Got it, changing the database

When Active Record migrations are used to make changes to the database schema, everything works great. Since the DSL is a relatively thin wrapper over SQL statements, migrations don't have to worry about any application code. However, things start to get more complicated when developers try to use migrations to modify the actual data in the database, which is also known as a data migration.

Schema migrations and data migrations feel like they should go together right? For example, say a new column is being added to a table and existing rows in that table will need that column populated. Since the column is being added in a migration, why not put the code to populate the column right next to it?

This is exactly the pattern I'm here to advocate against.

Migrations should only be used to make schema changes.

The Error

In my case, the error I ran into was this:

Undeclared attribute type for enum 'blah'. Enums must be backed by a database
column or declared with an explicit type via `attribute`.

Rails 7.1 added a new check to ensure that an Active Record enum is either backed by a column in the database or has an explicitly specified type. The goal of these changes was to make enum resistant to typos, since previously misspelling the name of the enum would just silently not work as expected.

Of course, this new check can also cause problems when a model with an enum attribute is used in a migration. Let's look at the following series of migrations:

class AddPosts < ActiveRecord::Migration[7.1]
  def change
    create_table :posts do |t|
    end
  end
end

class BackfillPosts < ActiveRecord::Migration[7.1]
  def change
    Post.find_each do |post|
      # modify the post
    end
  end
end

class AddStatusToPosts < ActiveRecord::Migration[7.1]
  def change
    add_column :posts, :status, :string, default: "draft"
  end
end

In the first migration, a table is created for a Post model.

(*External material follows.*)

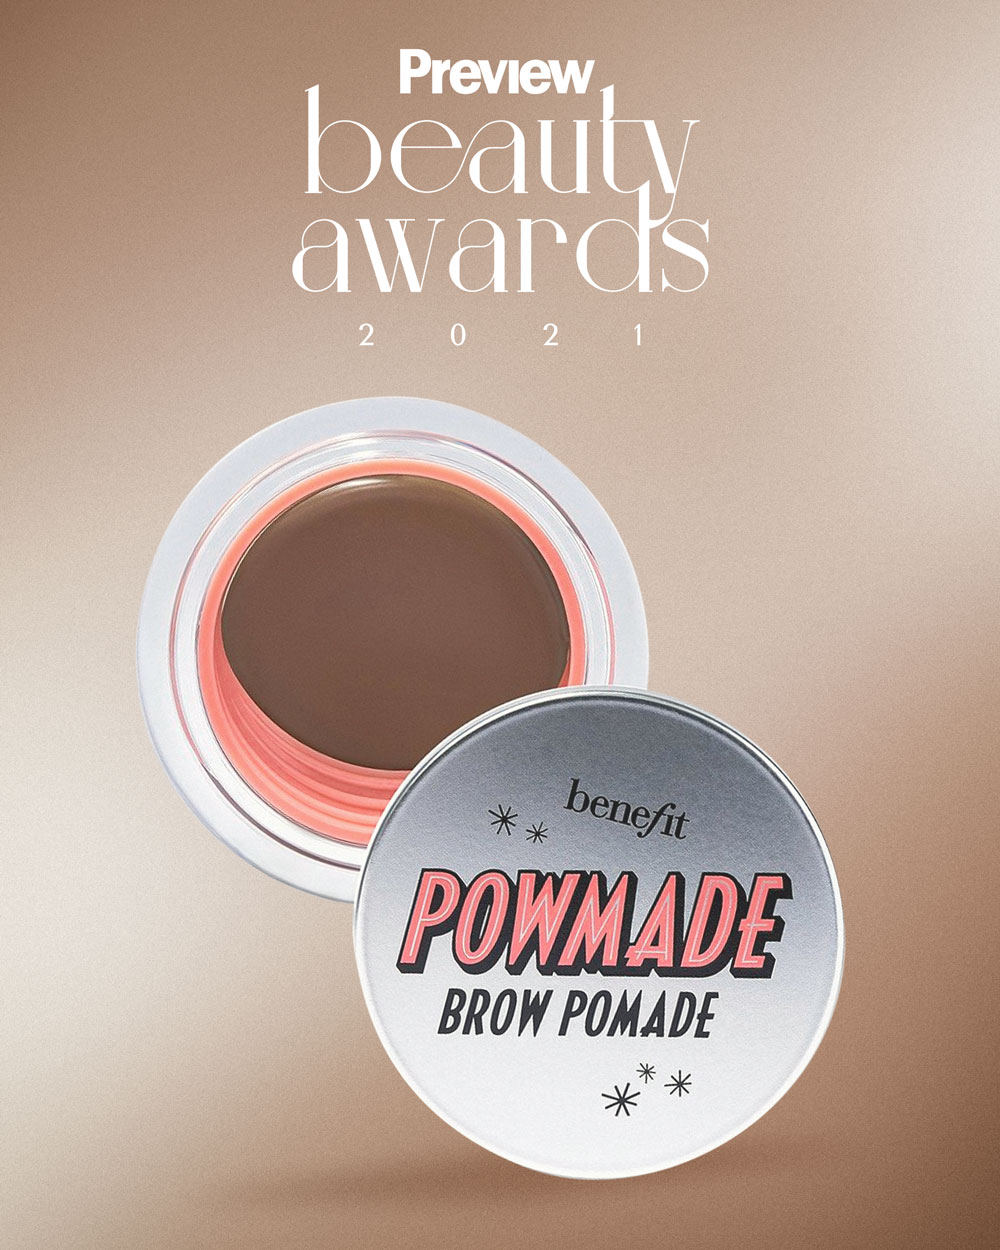 preview beauty awards 2021 winners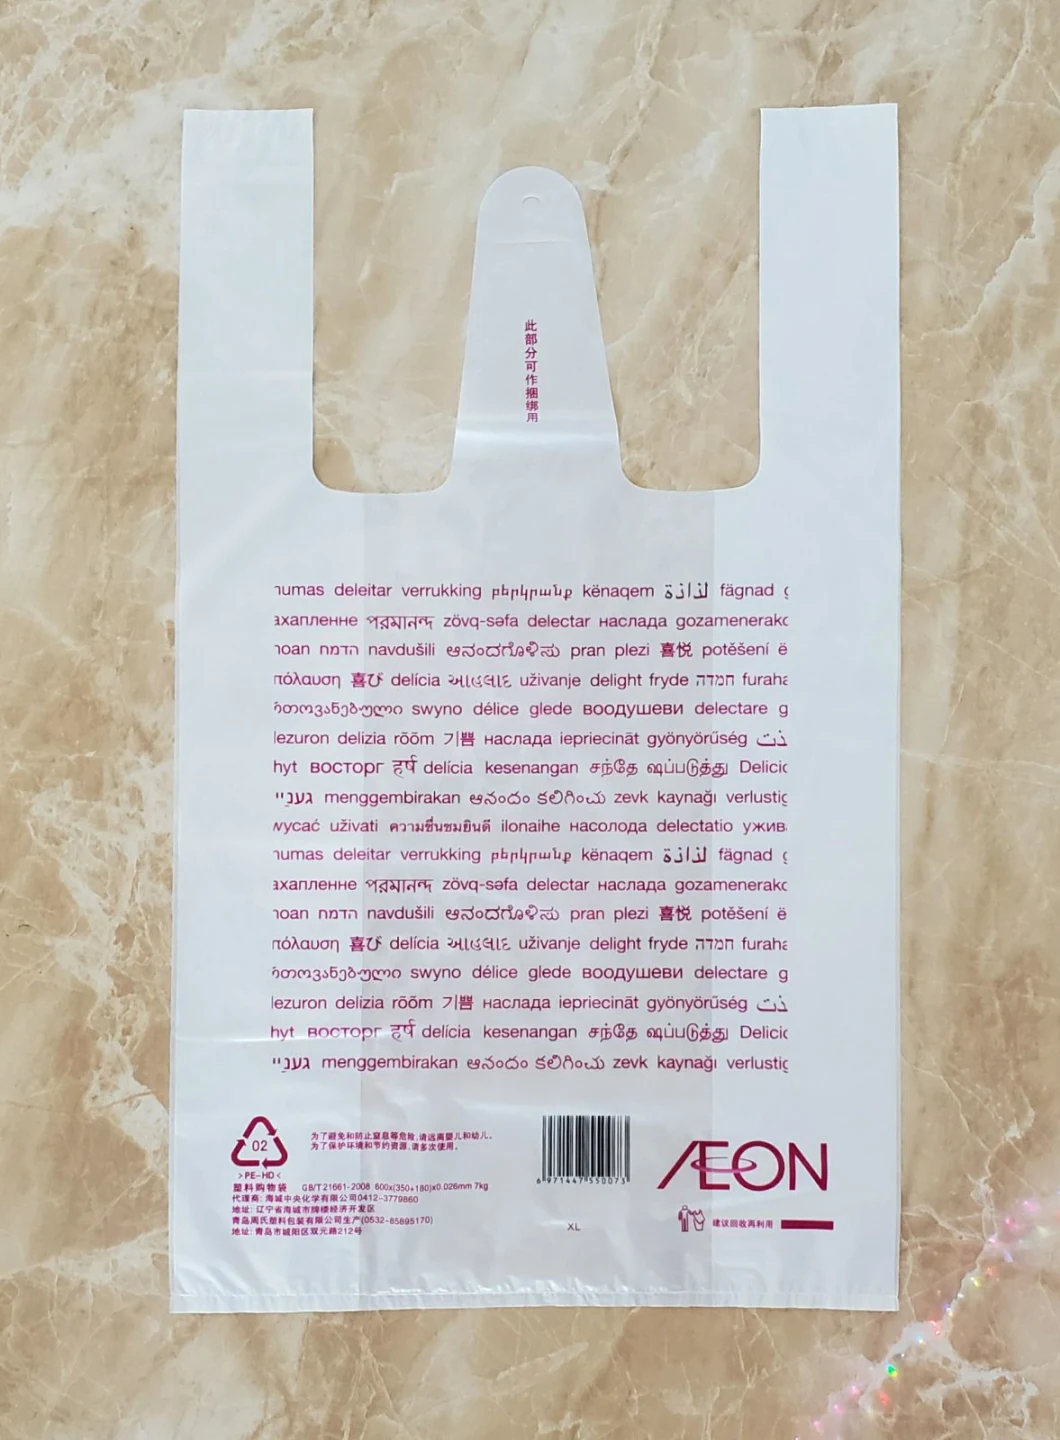 Sacs Et Compostables/De Courses, Biodegradable and Compostable Shopping Bags/Food Bags/ Fresh Produce Bags/ Food Service Bags/ to-Go Bags/ T-Shirt Bags/ Biobags

In the second, a data migration is performed on the rows of the table. And in the third migration, a new status column is added to the table. After running the third migration in production, a developer adds enum :status to the model to take advantage of the new column:

class Post < ApplicationRecord
  enum :status, { draft: "draft", published: "published" }, default: :draft
end

After adding the enum, the second migration now errors because the column that should be backing the enum isn't added until the next migration!

A pattern emerges

Looking at this problem in isolation, it certainly could be viewed as a bug in Rails, or at least something to consider supporting. However, this is just one specific instance of a much larger problem. Using the same migrations from before, but with a slightly different model:

class Post < ApplicationRecord
  validates :status, presence: true
end

A different error is raised when running the second migration:

NoMethodError: undefined method `status' for an instance of Post

How about another series of migrations but with an empty Post class:

class AddPosts < ActiveRecord::Migration[7.1]
  def change
    create_table :posts do |t|
    end

    up_only do
      10.times { Post.create! } 
    end
  end
end

class AddStatusToPosts < ActiveRecord::Migration[7.1]
  def change
    add_column :posts, :status, :string

    Post.find_each do
      post.update!(status: "published")
    end
  end
end

Can you spot the error?

I'll give you a hint: it involves the schema cache.

After running these migrations, it would be reasonable to expect that there are now 10 Posts and all of them have a status of "published". However, that is not what actually happens.

When the first migration adds 10 Posts to the database, Active Record will execute a query to fetch the list of columns for the Post model and store that list in the schema cache. Keeping the list cached in memory ensures that it doesn't have to make the same query again in the future. The list of columns is then used to generate the queries to insert 10 Posts into the posts table.

When the second migration runs, the status column is added to the database, but the schema cache is not cleared. So when the migration next tries to update the status column for existing Posts, Active Record doesn't recognize status as a database column and the existing Posts are not updated.

Fundamental Incompatibilities

In all three of these cases, there are two conflicting concepts that cause problems when used together:

On one side are migrations, which are meant to operate on the database at a certain point in time.

On the other side are the Active Record models, which are meant to operate only on the current state of the database.

These two ideas are fundamentally at odds, and no amount of tricks or workarounds can really address that. Naturally, there are likely many exceptional cases where people have and will continue to successfully make these two things work together. But instead of hoping and hacking, we can do something quite simple to avoid the problem altogether: do not make data changes in migrations.

What should I be doing?

With a disclaimer that I work at Shopify, my favorite library to perform data migrations is maintenance_tasks. A Maintenance Task is really just an Active Job with some additional features, like the ability to interrupt/resume long running jobs and a simple UI to kick off jobs and track progress.

While I think the additional features are great, a separate library is not strictly necessary to separate data migrations from Active Record migrations. Creating a regular old Active Job and a way to enqueue it is probably plenty for the majority of cases.

Flying back north...

When an application is small, it can feel really tempting to reach for Active Record migrations to make sweeping data changes. It's quick, dirty, and gets the job done at the time. But as an application evolves with age, this behavior is always a mistake and will come back to bite. It's time to stop changing data in Active Record Migrations.